* [The task]:
The required output is the stretch from the line containing "Man closing his" through the line containing "Pictures Of A" in the records below, unaltered and with no pictures.

──────── Material provided ────────

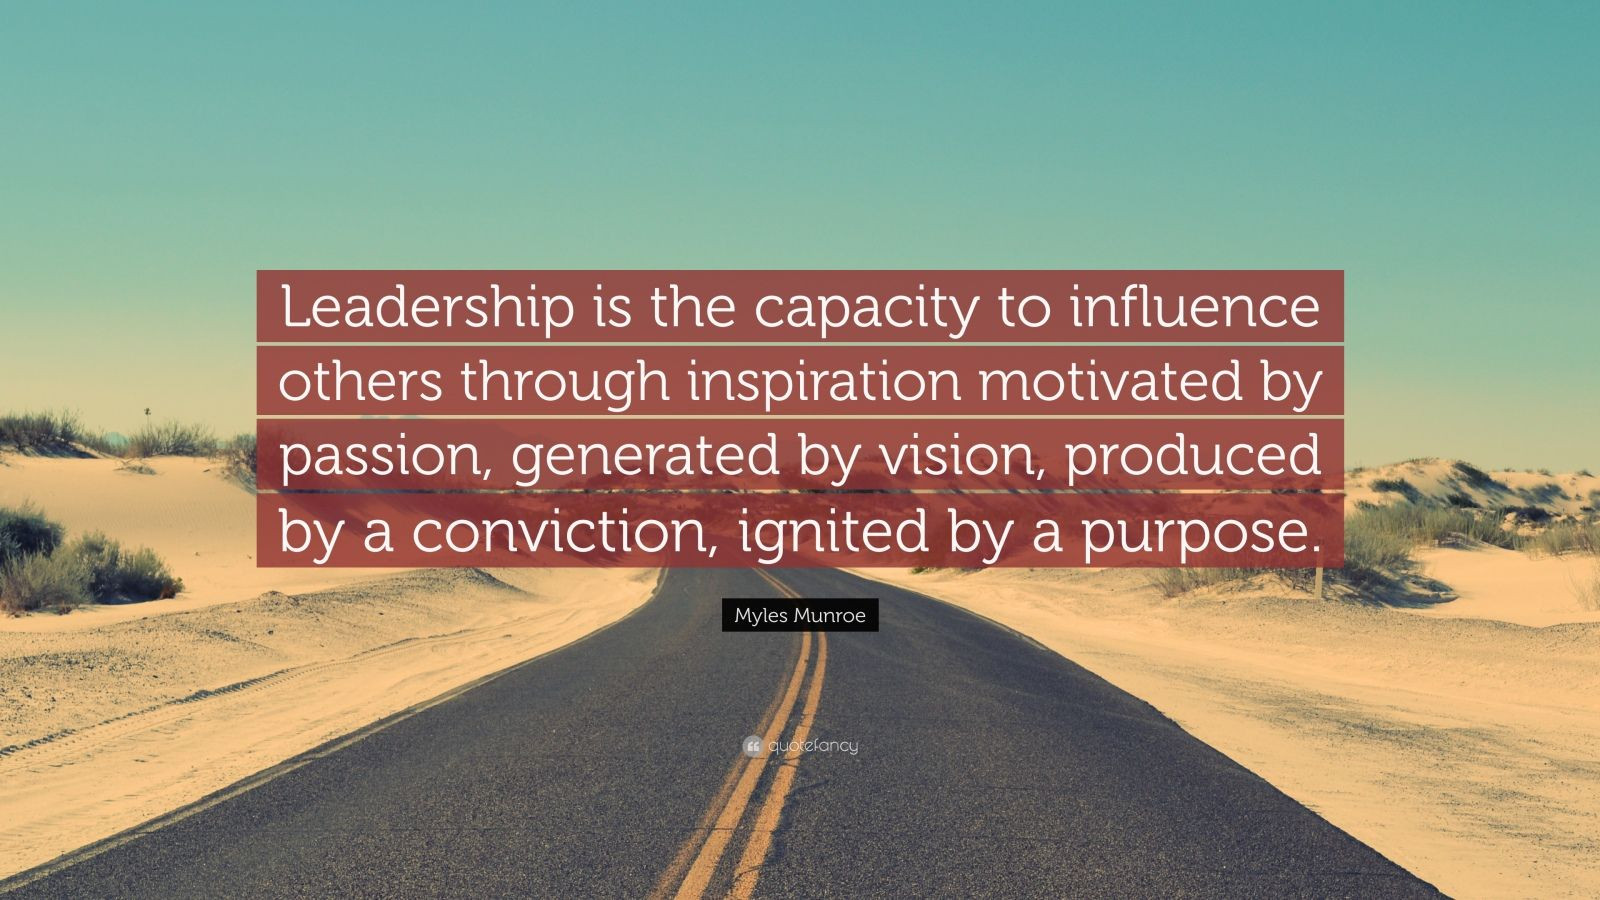 Leadership Is Influence Quote
 Myles Munroe Quote “Leadership is the capacity to
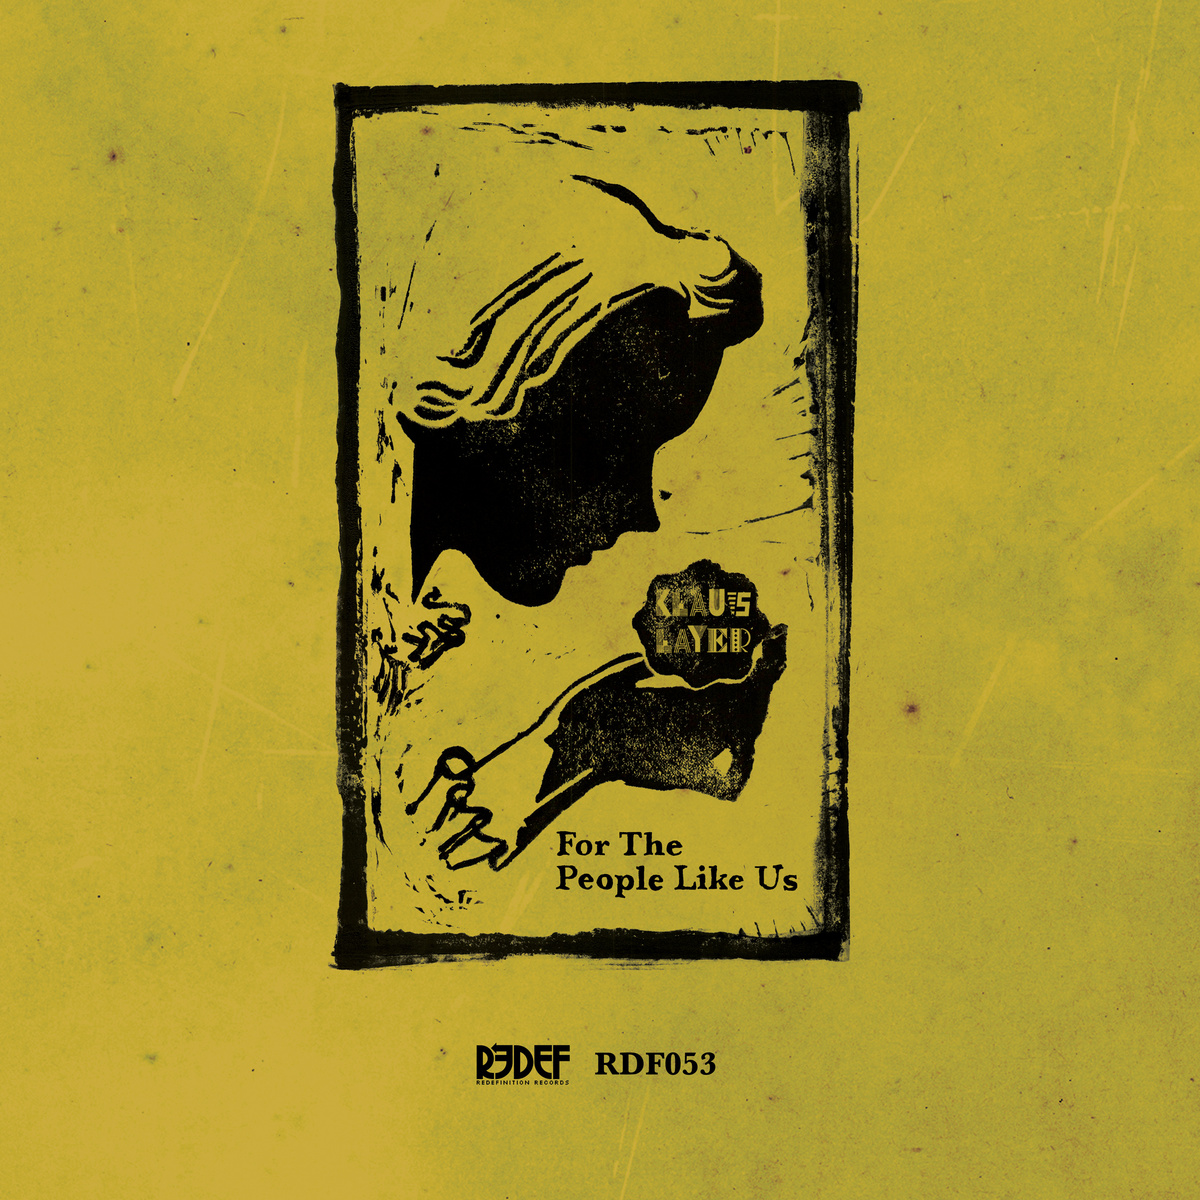 Klaus Layer "For The People Like Us" Release | @REDEFrecords 
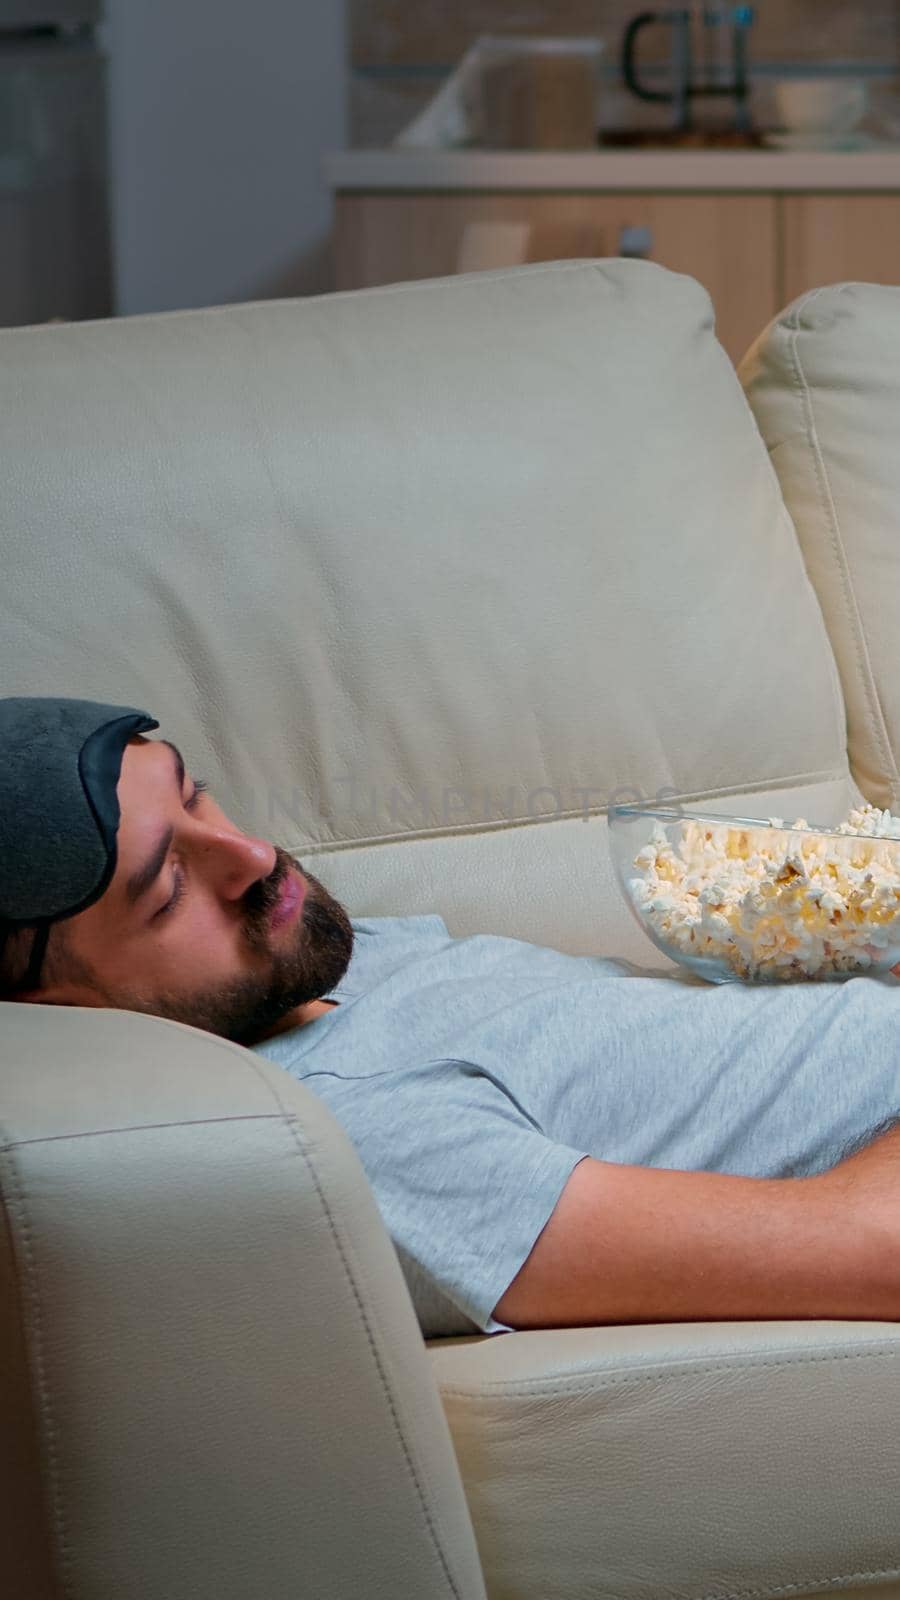 Man closing his eye and falling asleep on the couch in living room in front of the TV, while the television entertainment is ON. Relaxation cinema after a hard week of work
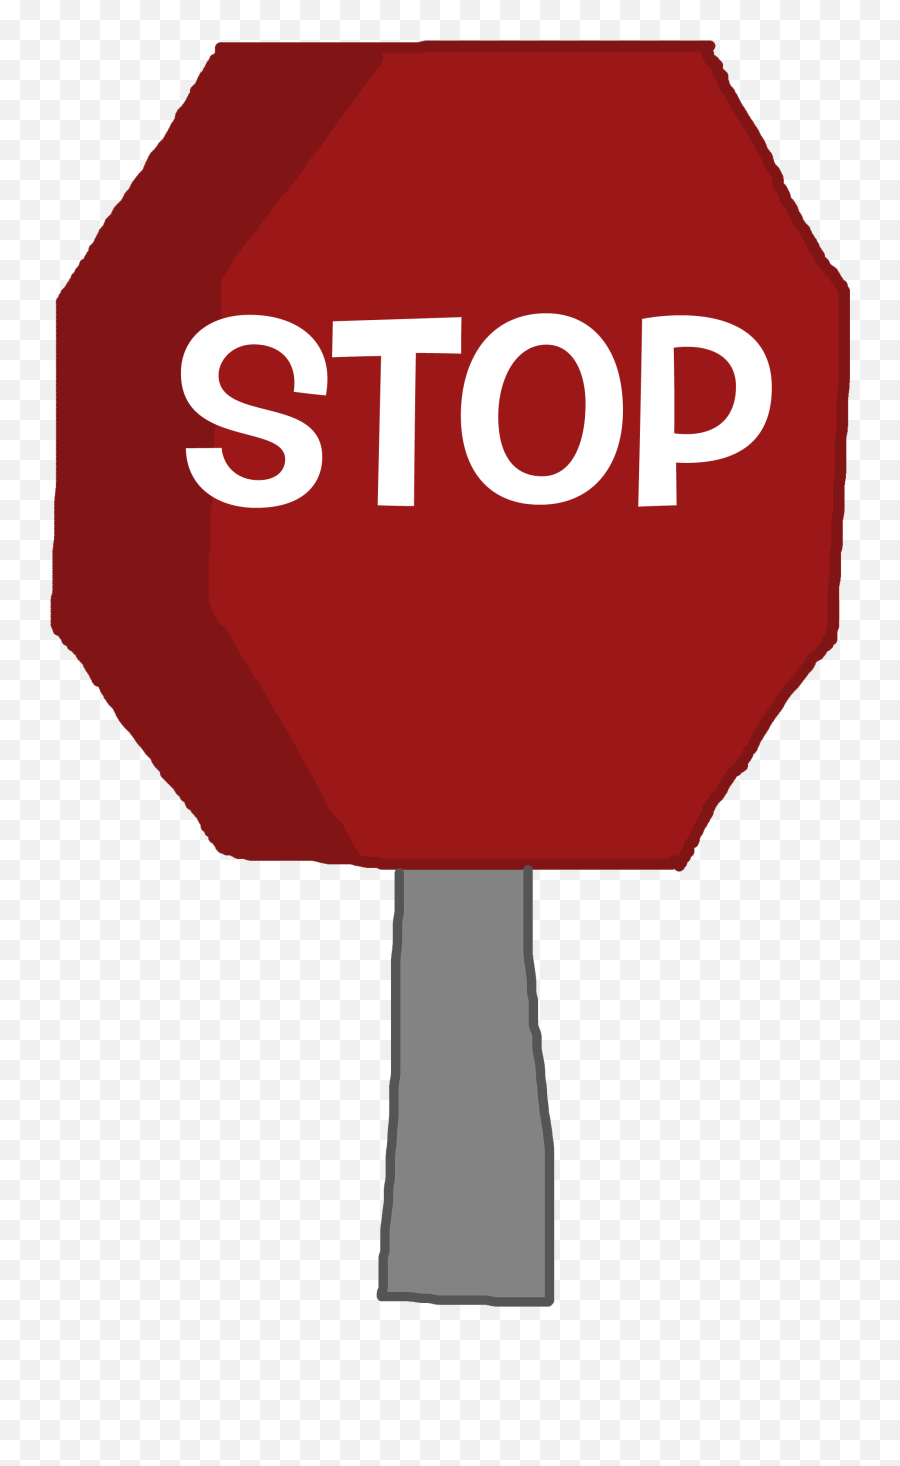 Pictures Of A Stop Sign - Clipart Best Emoji,Stopsign Emoji
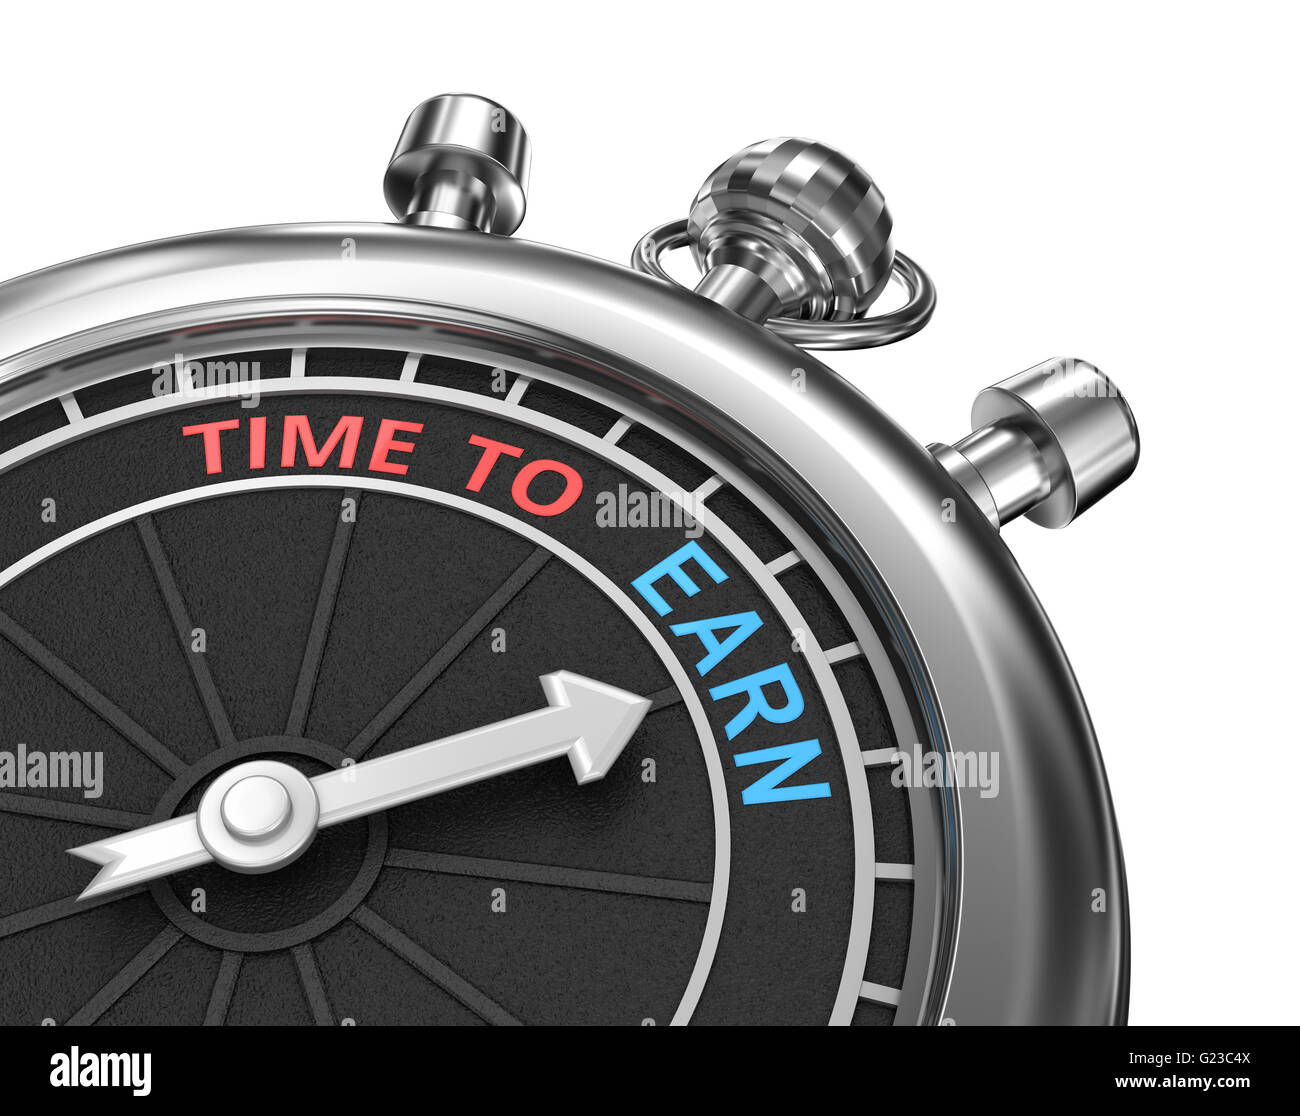 Time to earn timepiece 3d concept , isolated Stock Photo

────────

* [Answer for the task]:
 Man closing his eye and falling asleep on the couch in living room in front of the TV, while the television entertainment is ON. Relaxation cinema after a hard week of work
 Pictures Of A Stop Sign - Clipart Best Emoji,Stopsign Emoji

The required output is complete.